Au début, c’était stimulant, mais après trois années je connais les rouages de notre gouvernement au point d’en prédire les coups. D’ailleurs, j’écris régulièrement mes articles avant que surviennent les événements et j’ajuste quelques détails quand on reçoit officiellement la nouvelle. Il se trouve qu’après toutes ces années à fréquenter les lobbyistes du milieu je sais, souvent avant que ça se produise, ce qui fera la manchette. Je pourrais carrément devenir diseuse de bonne aventure dans mes temps libres, si seulement je ne bossais pas soixante heures par semaine.

Et c’est là que le bât blesse. Mon ami Kaël pense que je devrais profiter plus de la vie – c’est sa façon polie de dire que j’ai besoin d’un homme dans mon lit – et travailler moins. On s’entend sur ce dernier point. Il a aussi raison de prétendre qu’il ne se passe pas grand-chose dans ma chambre à coucher. Rien, en vérité. C’est pourquoi je crois que si je changeais d’emploi les conditions seraient plus propices à des rencontres avec la gent masculine. C’est ça, ma préoccupation actuelle, mon boulot est ennuyant et trop prenant pour la satisfaction qu’il m’apporte.

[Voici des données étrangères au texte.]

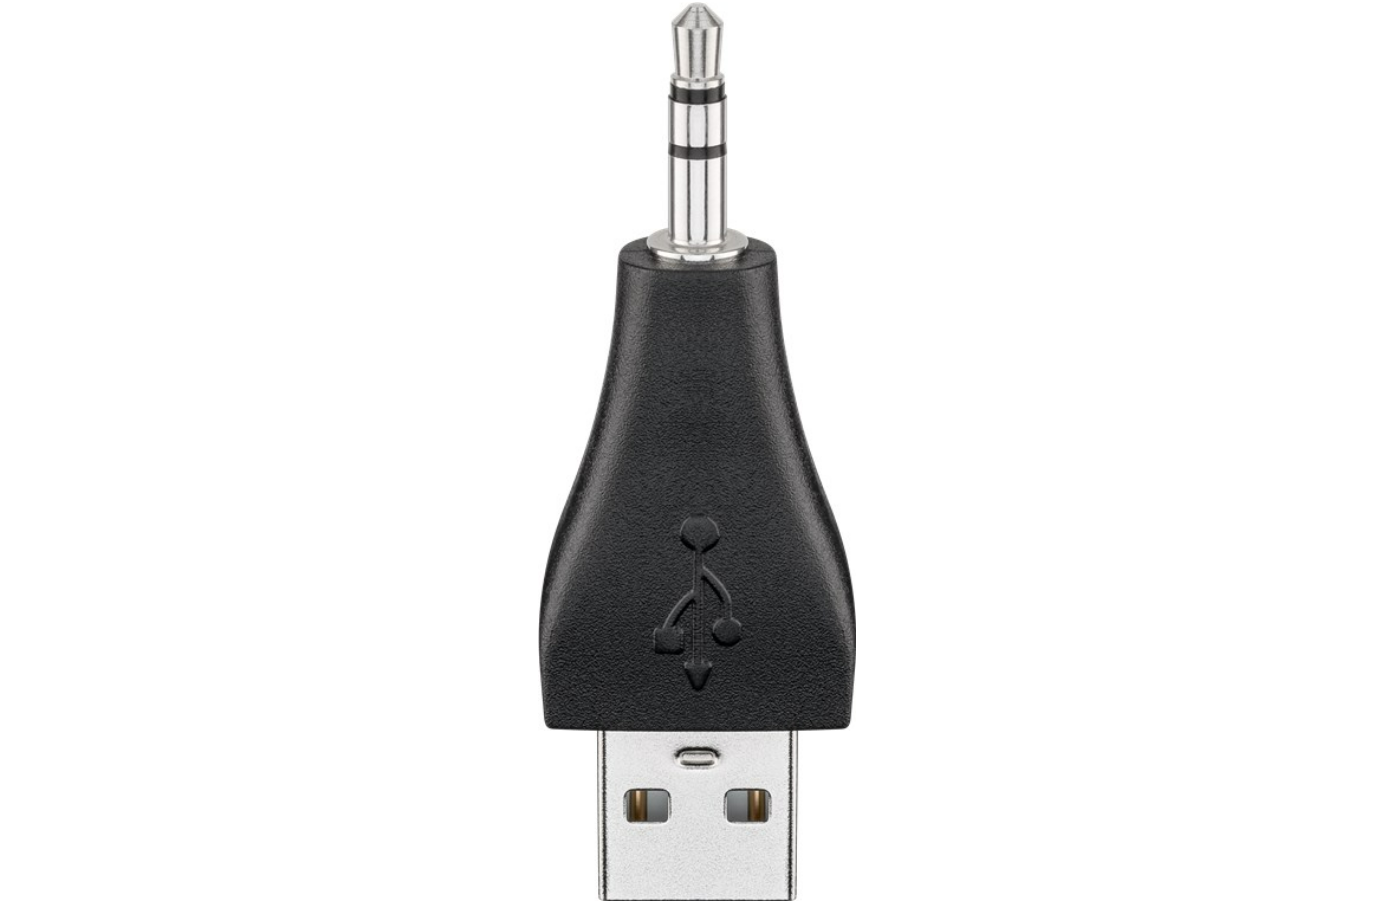 USB 2.0 Hi-Speed-Adapter

— Kaël, ma vie sexuelle n’est peut-être pas aussi excitante que la tienne, mais elle me convient pour le moment, dis-je en lâchant mon crayon pour attraper ma tasse de café.

— La vie de religieuse te convient pour le moment. Vraiment?

— Disons plutôt que je n’ai pas besoin d’un nouvel amant chaque soir. C’est mon emploi qui me donne envie de m’ouvrir les veines, pas le sexe.

Et je le pense !

Je répète sans arrêt à Kaël que je ne veux pas m’engager à court terme parce que je ne pourrais pas m’investir sérieusement. Je vois mal quand je trouverais l’occasion, car, si la rédaction de mes articles ne me demande que très peu de temps, les heures passées dans les conférences et les cocktails, à l’affût d’une histoire croustillante, elles, s’accumulent. D’ailleurs, à un certain moment, Kaël l’obsédé proposait que je couche avec mes informateurs. « Joins l’utile à l’agréable, Amy. En plus d’avoir des scoops, tu libérerais tes frustrations. » Il ne faut pas avoir sous les yeux le portrait des hommes que je côtoie pour suggérer une chose semblable ! Les vieux croûtons à cravate qui m’entourent au quotidien sont loin des fantasmes qui occupent mes nuits. C’est une façon de parler, parce que, dans les faits,quand la nuit arrive, je plonge mon visage dans l’oreiller et je dors.